Heat 2 tbsp of oil in a wide pan over medium heat. Carefully place the chilies in the pan and shallow-fry for 3-4 minutes, turning occasionally, until they develop light blisters on the skin.
Remove the fried chilies from the pan and set them aside.
2
Roast the Masala Ingredients
In the same pan (no need to add more oil), dry roast the peanuts on low heat until aromatic and lightly browned. Transfer to a plate.
Next, add the sesame seeds and roast for 1-2 minutes until they start to pop. Add them to the plate with the peanuts.
Add the desiccated coconut and roast for about 1 minute until it turns light golden brown. Transfer to the plate.
Finally, roast the coriander and cumin seeds together for 30-40 seconds until fragrant. Add them to the plate and let all roasted ingredients cool completely.
3
Sauté Onions and Grind the Paste
In the same pan, add 1 tbsp of oil. Sauté the sliced onions over medium heat for 5-7 minutes until they turn soft and golden brown.

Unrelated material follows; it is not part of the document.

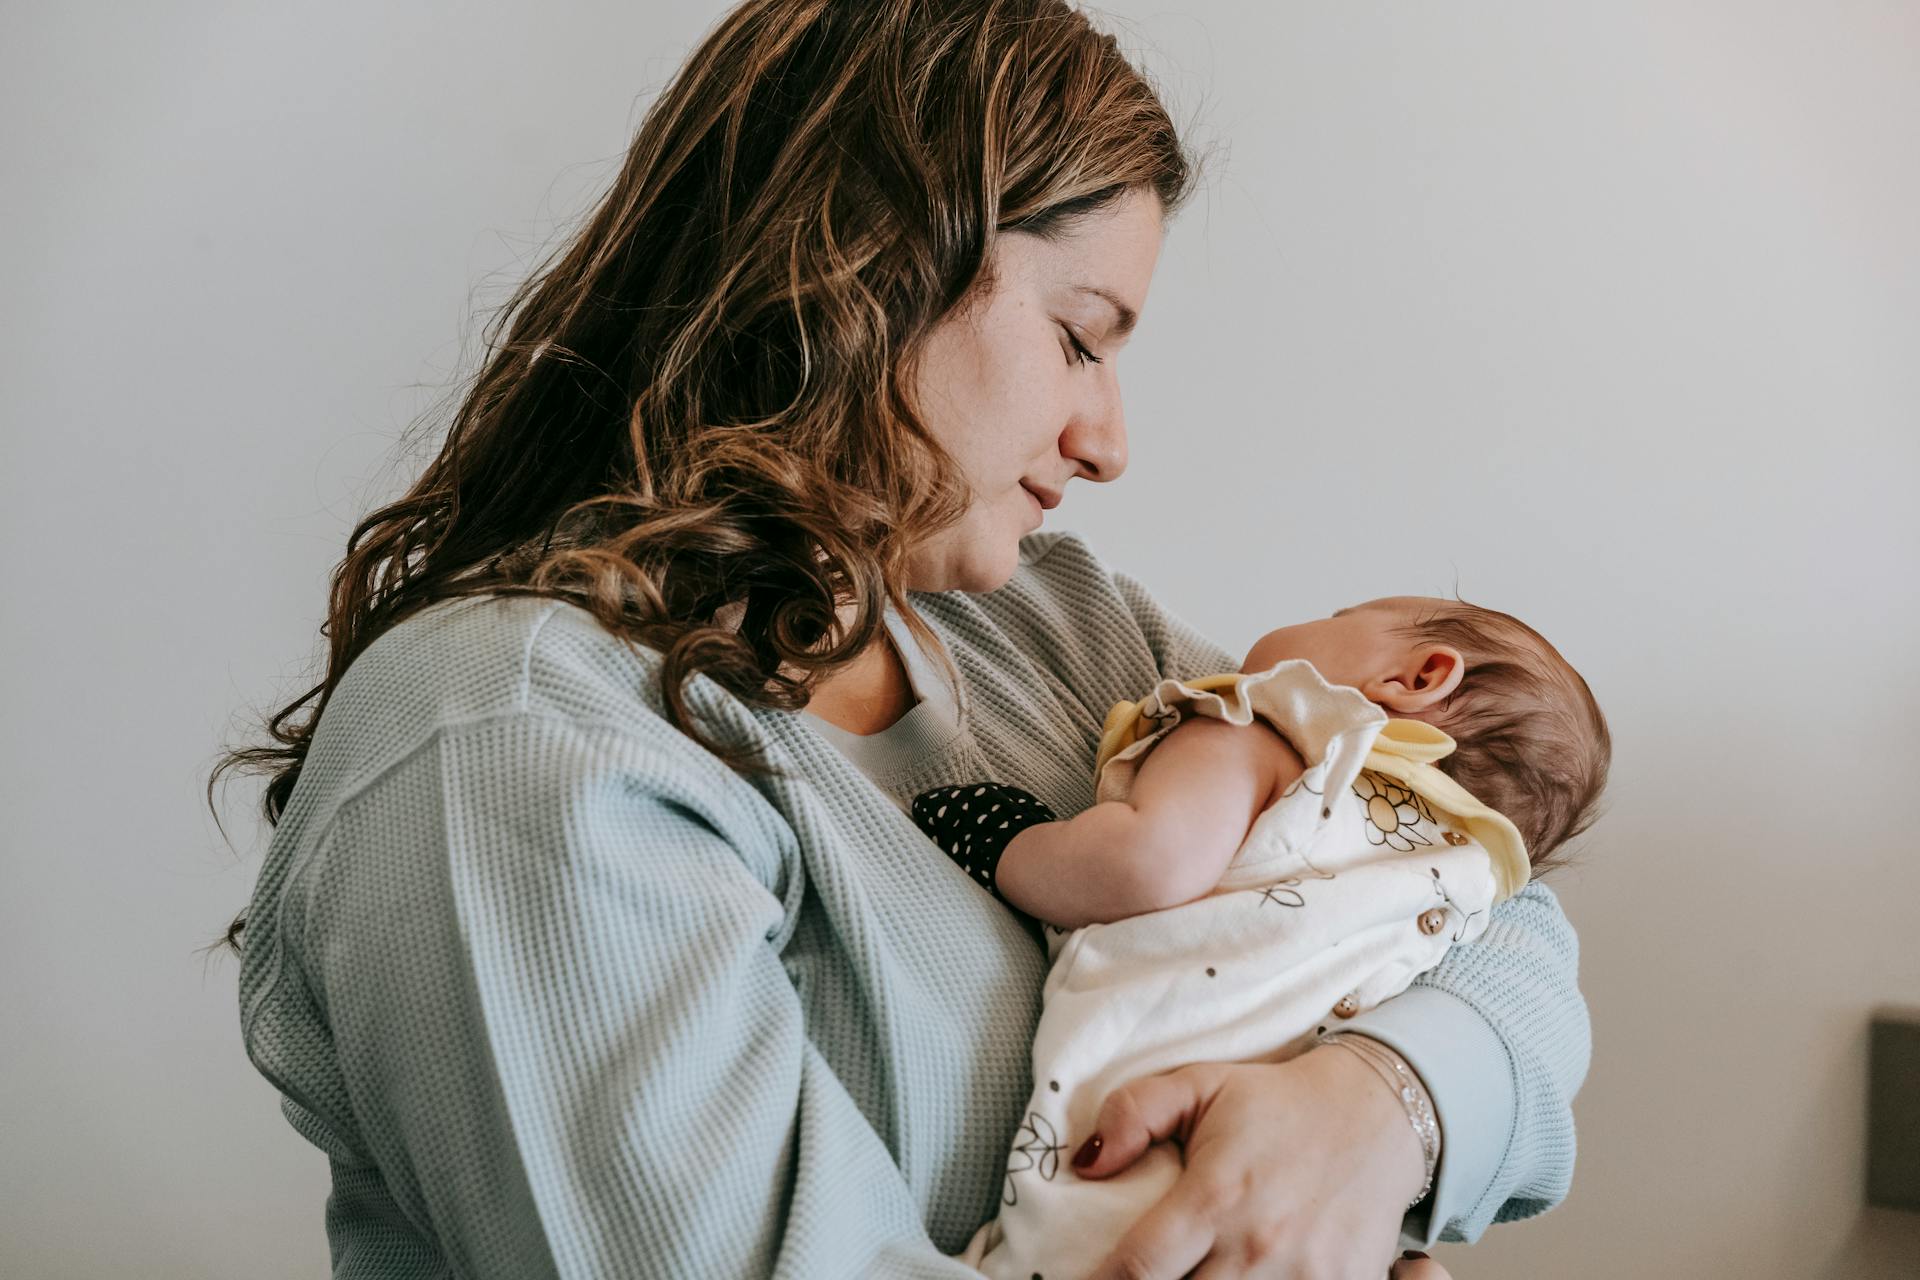 Happy and peaceful mother cuddling with her child | Source: Pexels

Let the onions cool slightly. Transfer the cooled roasted ingredients and the sautéed onions to a grinder jar.
Grind to a smooth, thick paste, adding a few tablespoons of water as needed to facilitate grinding.
4
Cook the Curry Base
Heat the remaining 2 tbsp of oil in the pan over medium heat.

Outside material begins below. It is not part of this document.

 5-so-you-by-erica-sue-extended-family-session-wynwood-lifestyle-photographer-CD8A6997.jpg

Add the mustard seeds and let them splutter. Then add the fenugreek seeds, nigella seeds, and curry leaves. Sauté for 30 seconds.
Add the ginger-garlic paste and cook for 1 minute until the raw aroma disappears.
Add the ground masala paste. Sauté on low-medium heat, stirring frequently, for 8-10 minutes. The paste will thicken, darken, and oil will start to separate from the sides.
Stir in the turmeric powder and Kashmiri red chili powder. Cook for another minute.
5
Simmer the Salan
Add the tamarind paste, grated jaggery, and salt. Mix well to combine.
Slowly pour in 2 cups of warm water, stirring continuously to create a smooth, lump-free gravy.
Bring the gravy to a gentle boil. Carefully place the fried green chilies into the gravy.
Reduce the heat to low, cover the pan, and let it simmer for 10-15 minutes. The gravy will thicken, and you'll see a layer of oil floating on top, which indicates it's cooked perfectly.
6
Garnish and Serve
Turn off the heat. Garnish with freshly chopped coriander leaves.
Let the salan rest for at least 10 minutes before serving. Serve hot with Hyderabadi biryani, pulao, or plain steamed rice.